Once I had a bit more disposable income, I saved up all of my spare money from my university jobs and headed along to the nearest slightly fancier cosmetics counter, with yet another newspaper article as reference (by then I was an avid magazine reader but I guess the newspaper carried a factual heft I took very seriously?)

You know all these recent stories about how great, kind and well-educated the staff at Mecca and Sephora are at dissuading young people from buying crazy expensive products? Well, that didn’t exist for ol Muggins here. The woman behind the counter took one look at my now cystic acne and sensed my desperation, lining up a skincare collection that cost $400.

The fact that I can still remember this 20 years later shows you how much money it was – my current skincare range doesn’t cost that much – and I had to borrow money from my parents in order to afford it. In the end, it was basically a more expensive Clean & Clear Three-Step Essentials in better packaging and I slinked back to my Cetaphil and rosehip oil for the next decade, throwing in a sunscreen for good measure (thank GOD).

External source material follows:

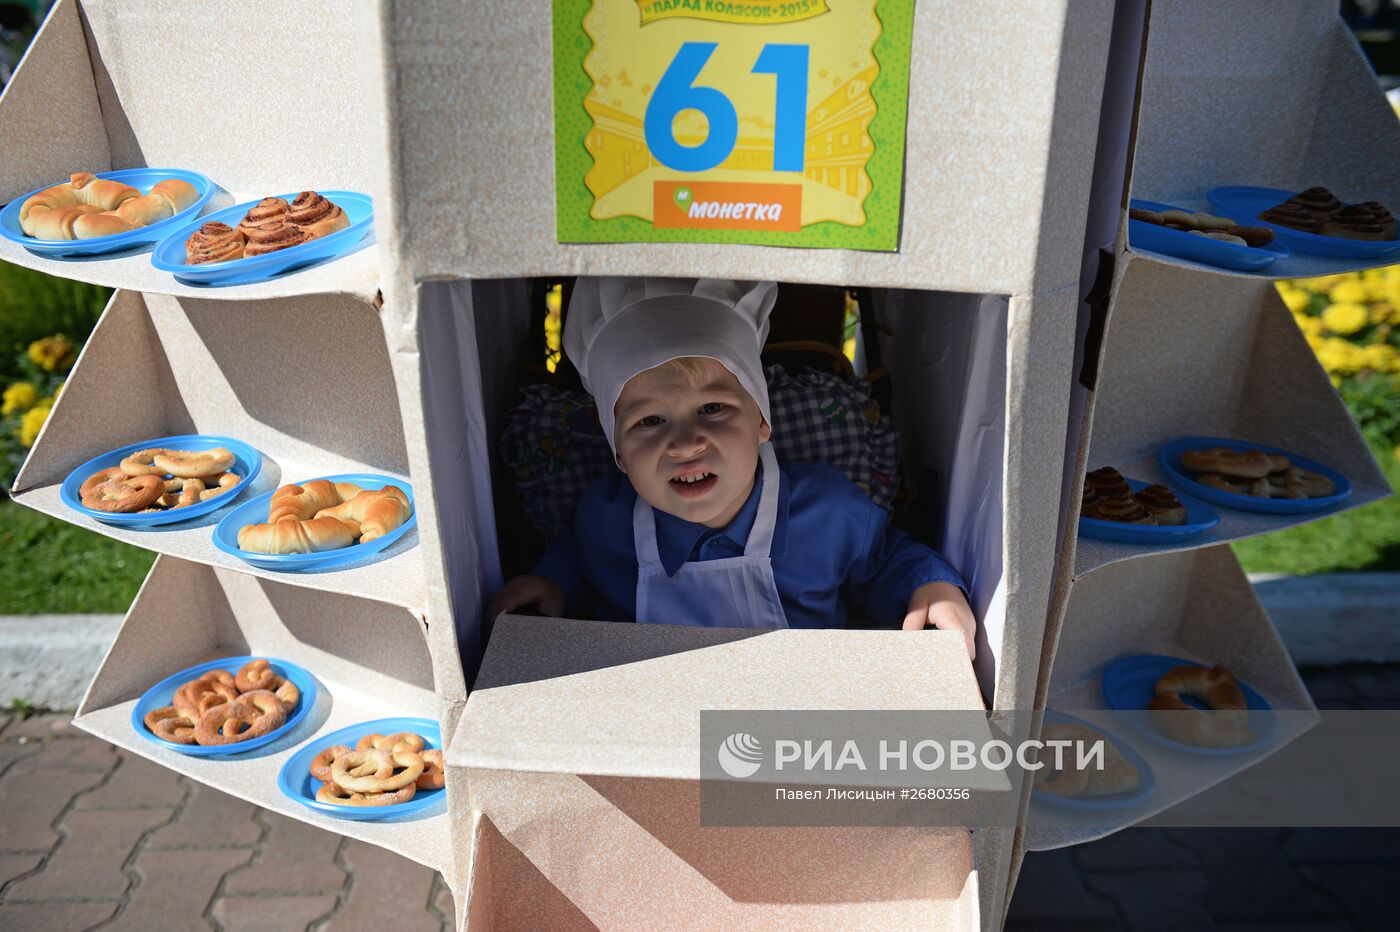 Парад детских колясок в Екатеринбурге

I know that we’re supposed to be clutching our pearls at the idea that tweens are growing up too fast by learning about skincare, but in the world of ‘not a girl, not yet a woman’, I would argue that skincare is the least offensive grown-up thing that our girls are researching.

I loved looking at the products on my nana’s bathroom shelf – Elizabeth Arden Eight Hour Cream, Nivea Body Lotion – and on my mum’s – Estée Lauder Advanced Night Repair, Lancôme Toner (bougie Mum??). They were little breadcrumbs leading to the the grown-up path I knew I’d one day be treading, and if my son follows in my cystic acne footsteps, then one day he’ll be learning about it to.

Of course, by then, it’ll probably be a hologram popping out of his Apple Glasses, educating him on some fancy skincare ingredient that hasn’t been invented yet, but I can rest assured in two things: that he will find his way, just like I did. And that the Clean & Clear Three-Step Essentials range will still exist, with absolutely no updates.